- [What to work on]:
Drop the pictures, then extract the listing word for word.

- [Data below]:

* * * *

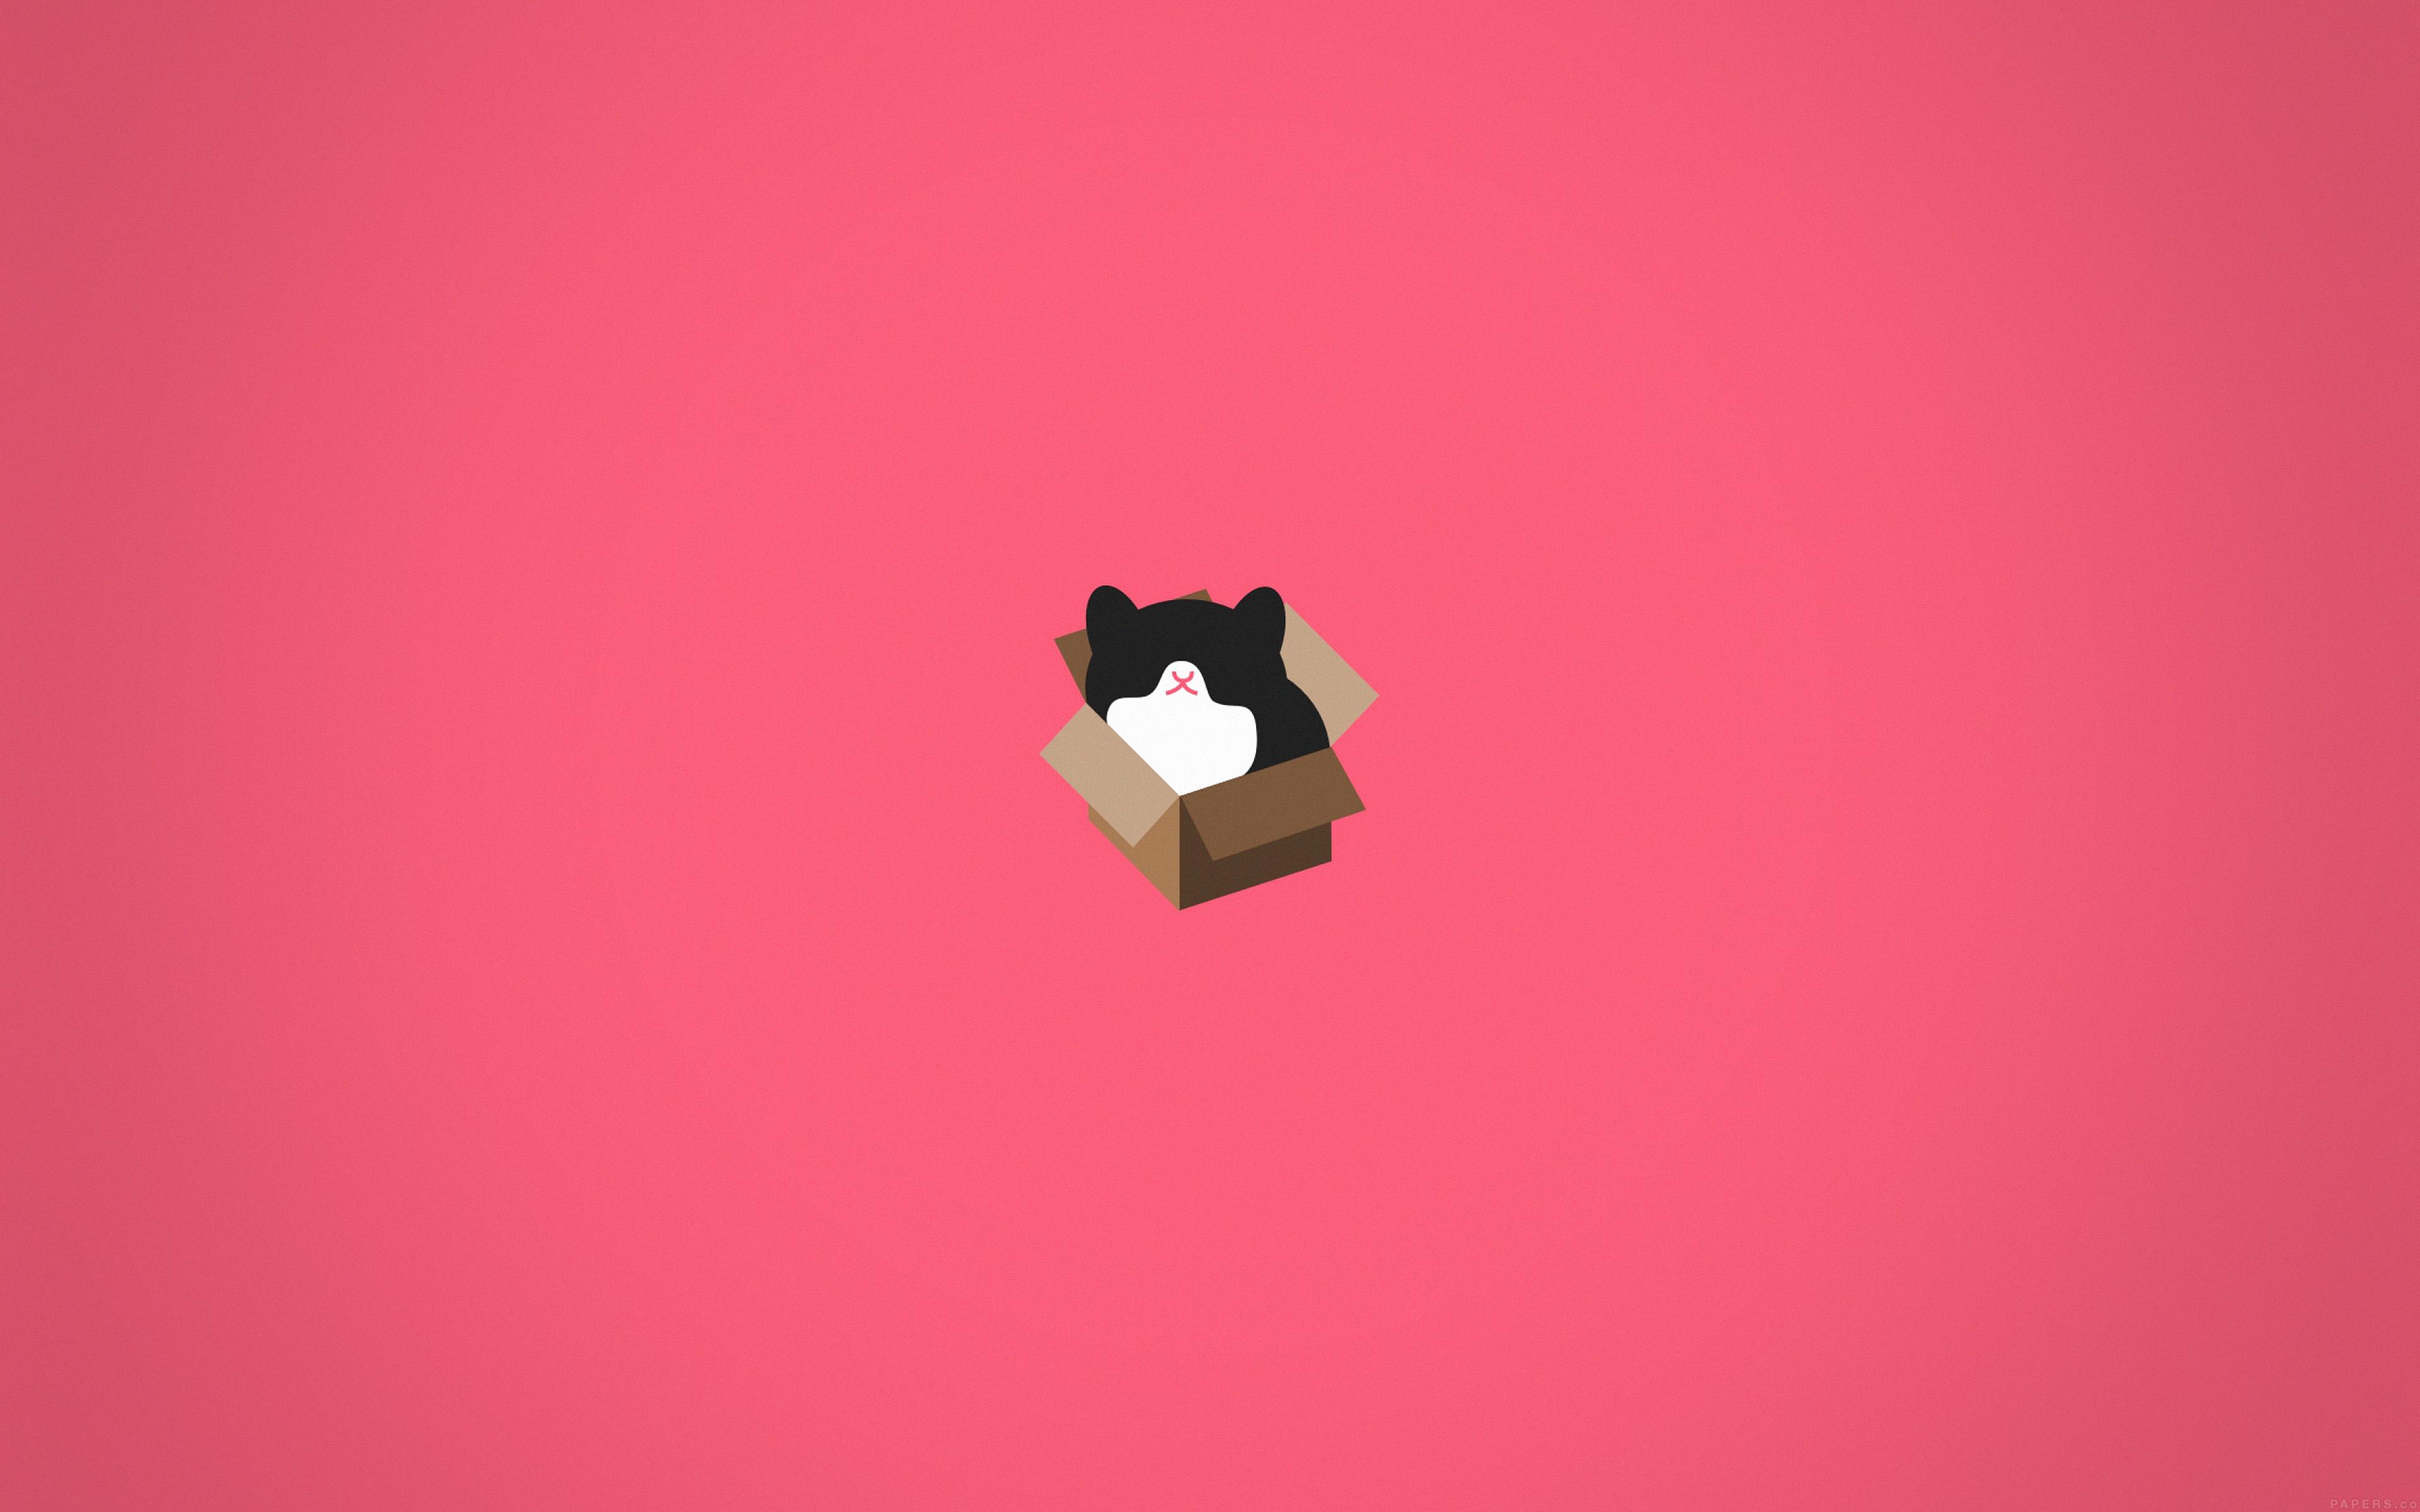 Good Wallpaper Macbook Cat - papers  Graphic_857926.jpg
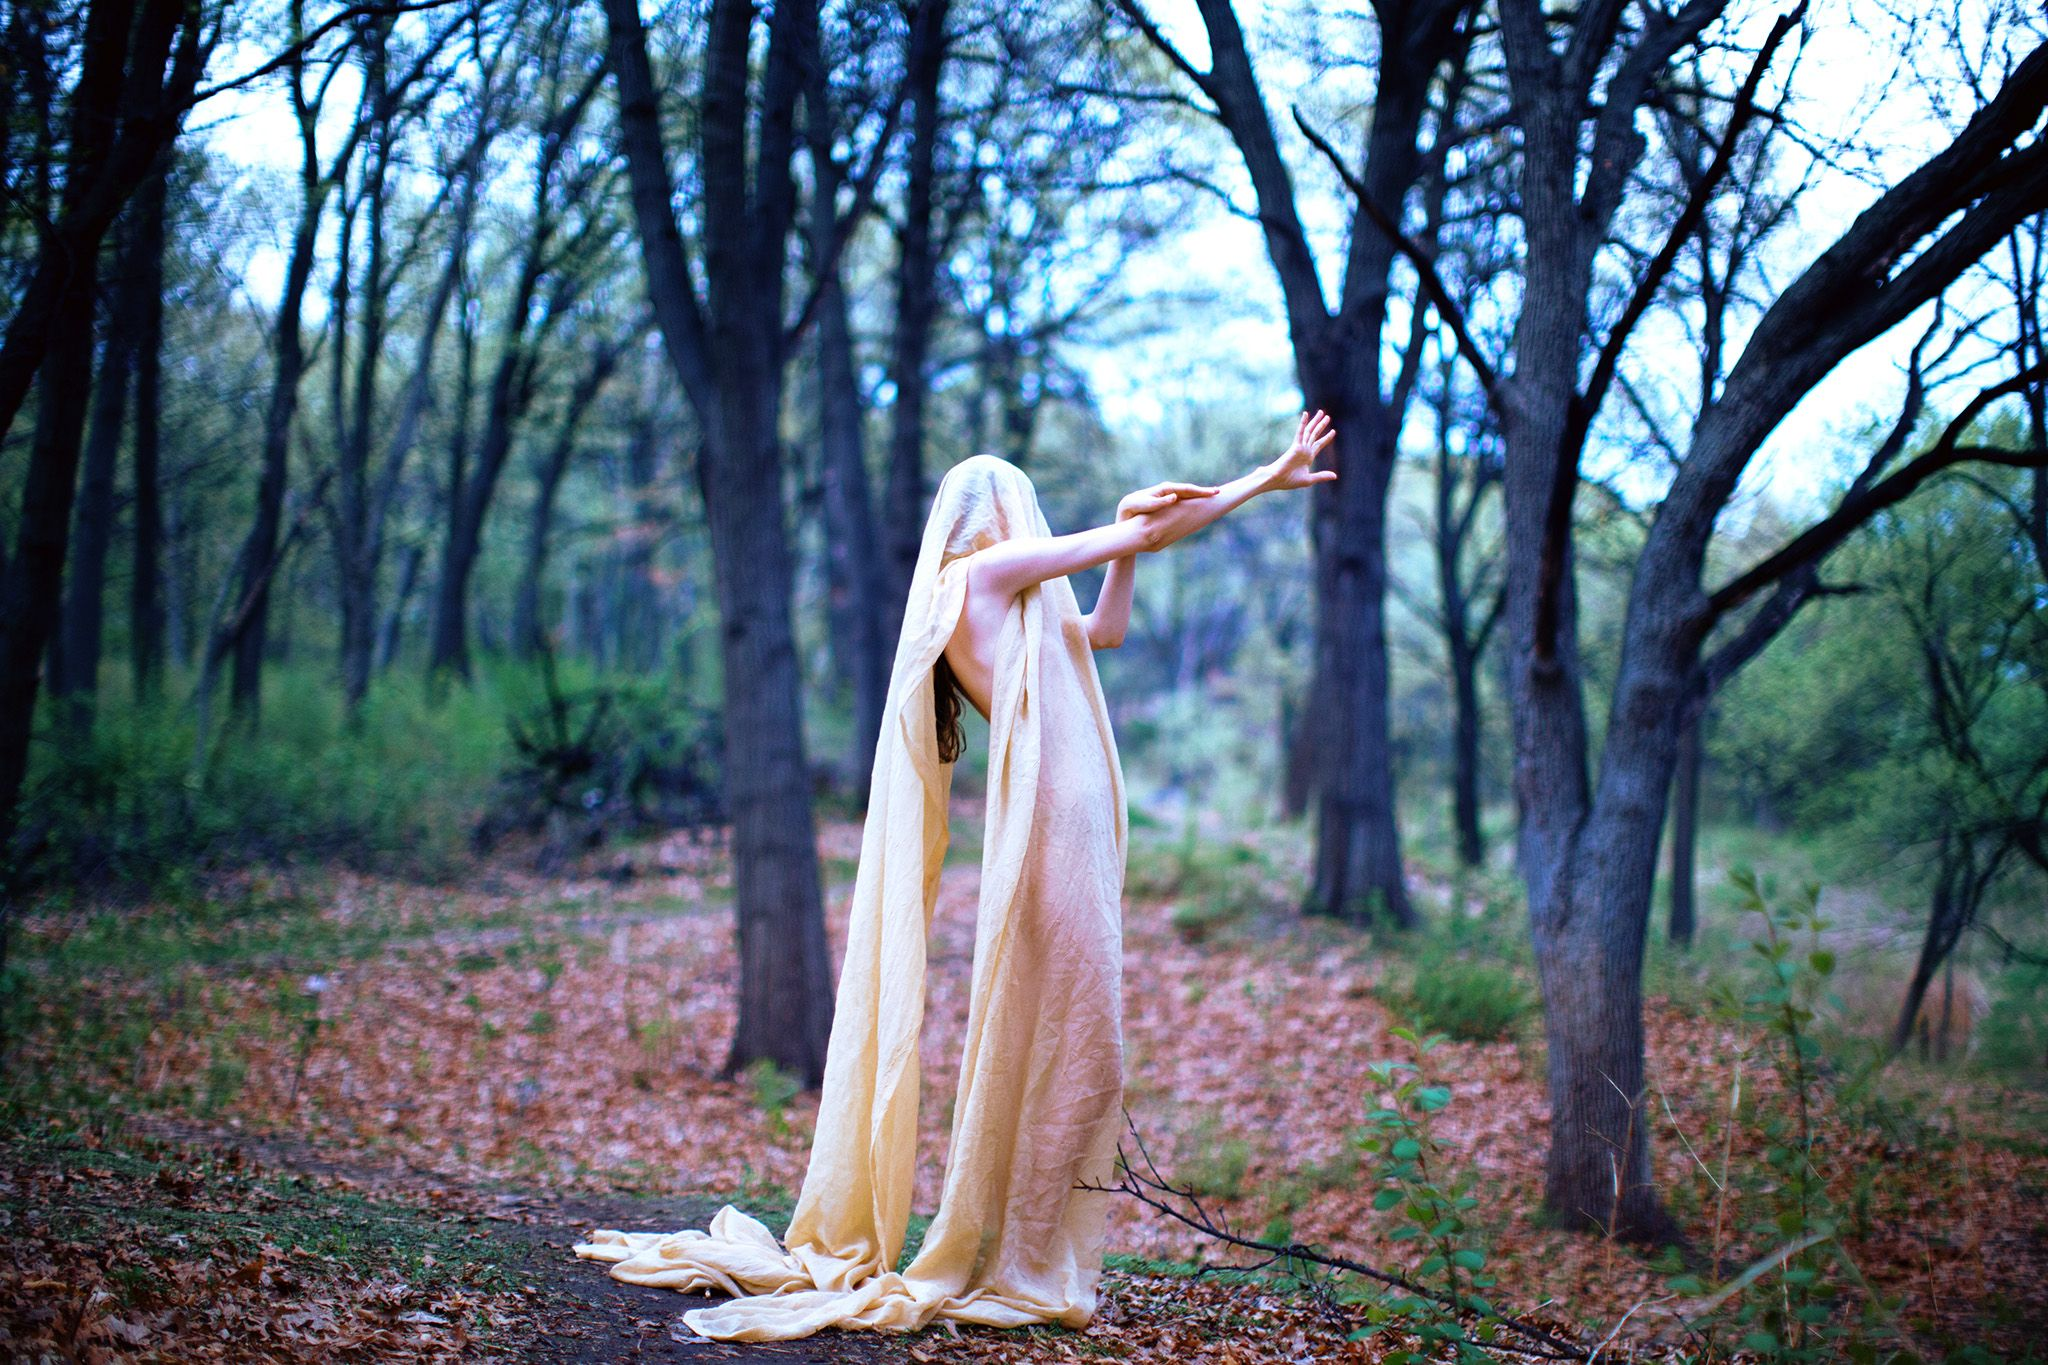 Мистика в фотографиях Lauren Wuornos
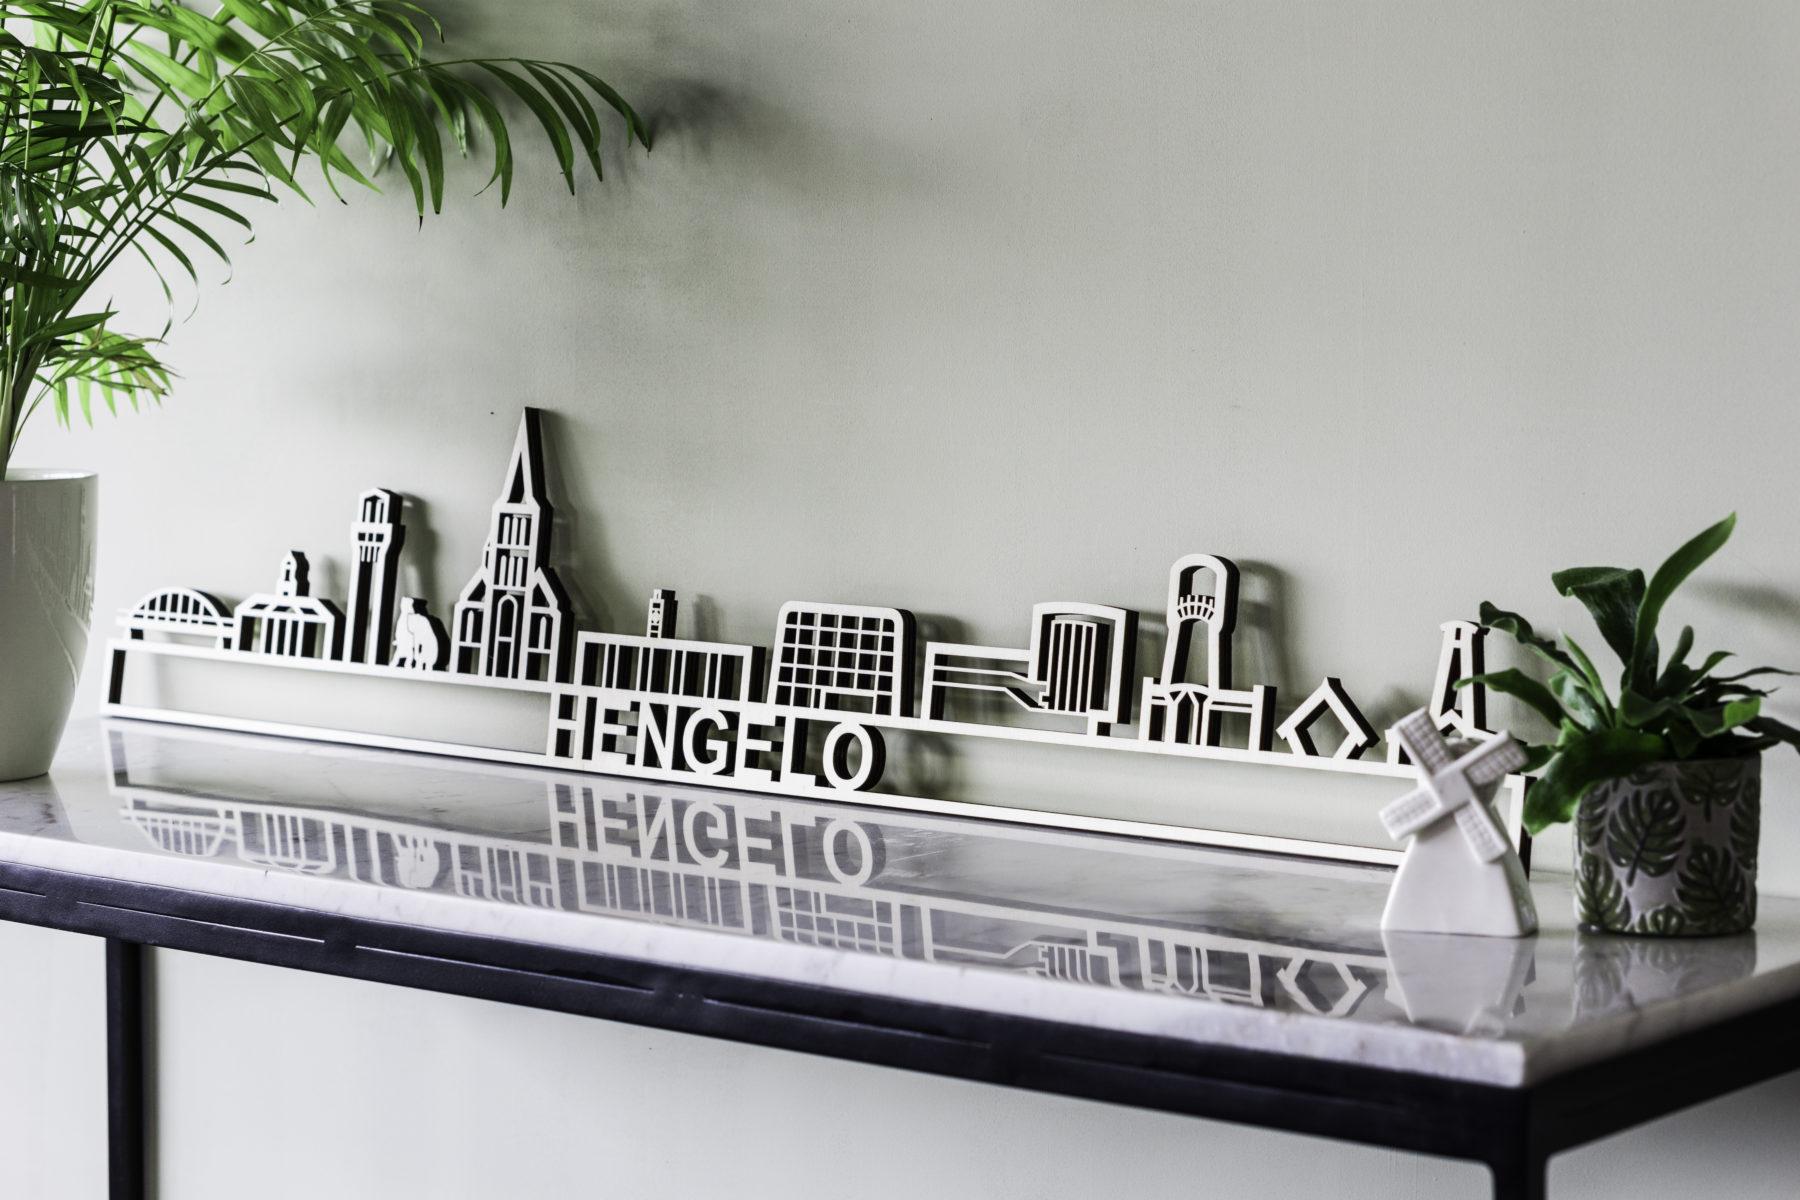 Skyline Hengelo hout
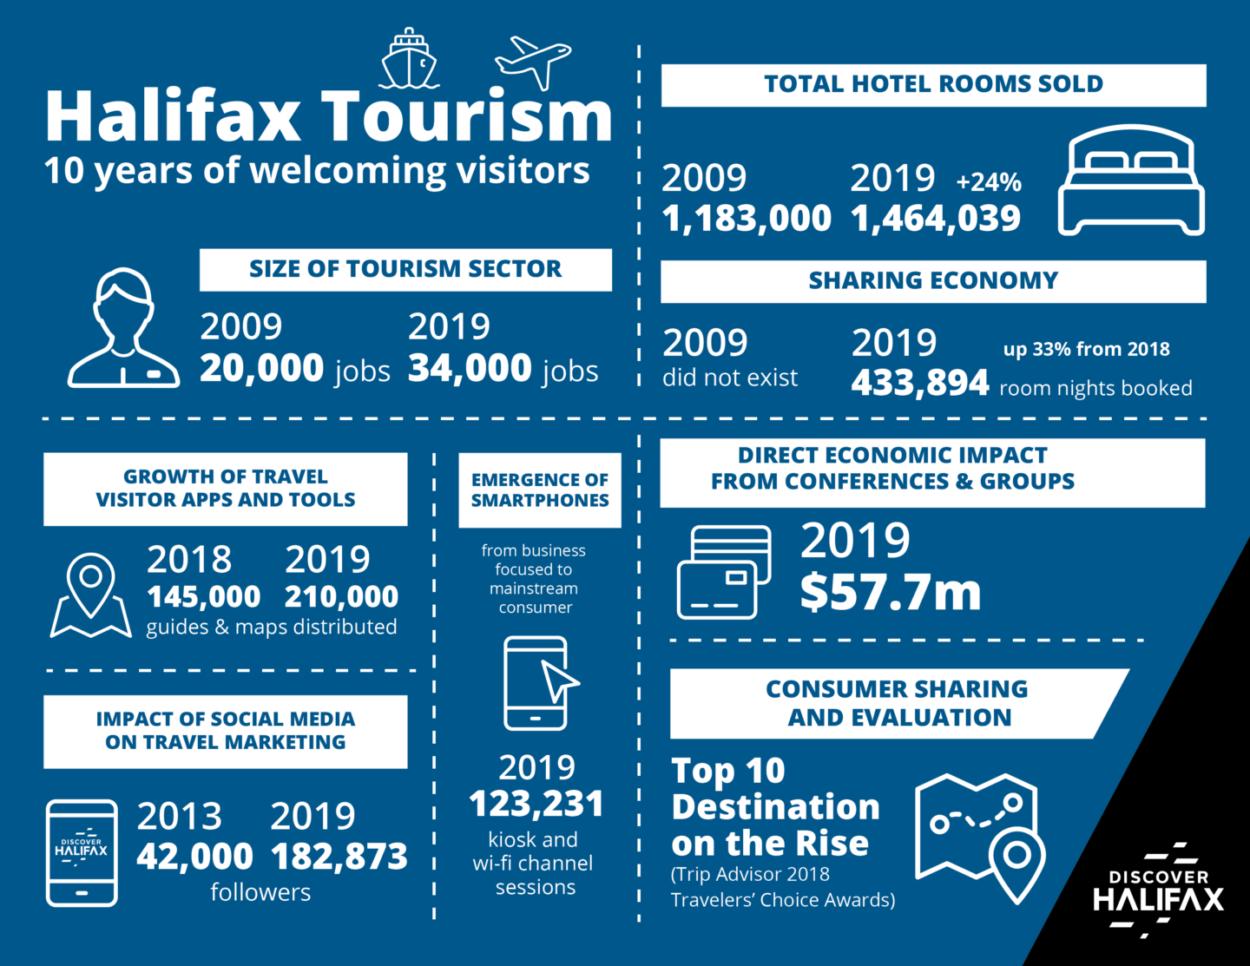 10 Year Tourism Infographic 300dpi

* * * *

- [Exercise response]:
 Good Wallpaper Macbook Cat - papers  Graphic_857926.jpg
 Мистика в фотографиях Lauren Wuornos
 Skyline Hengelo hout
 10 Year Tourism Infographic 300dpi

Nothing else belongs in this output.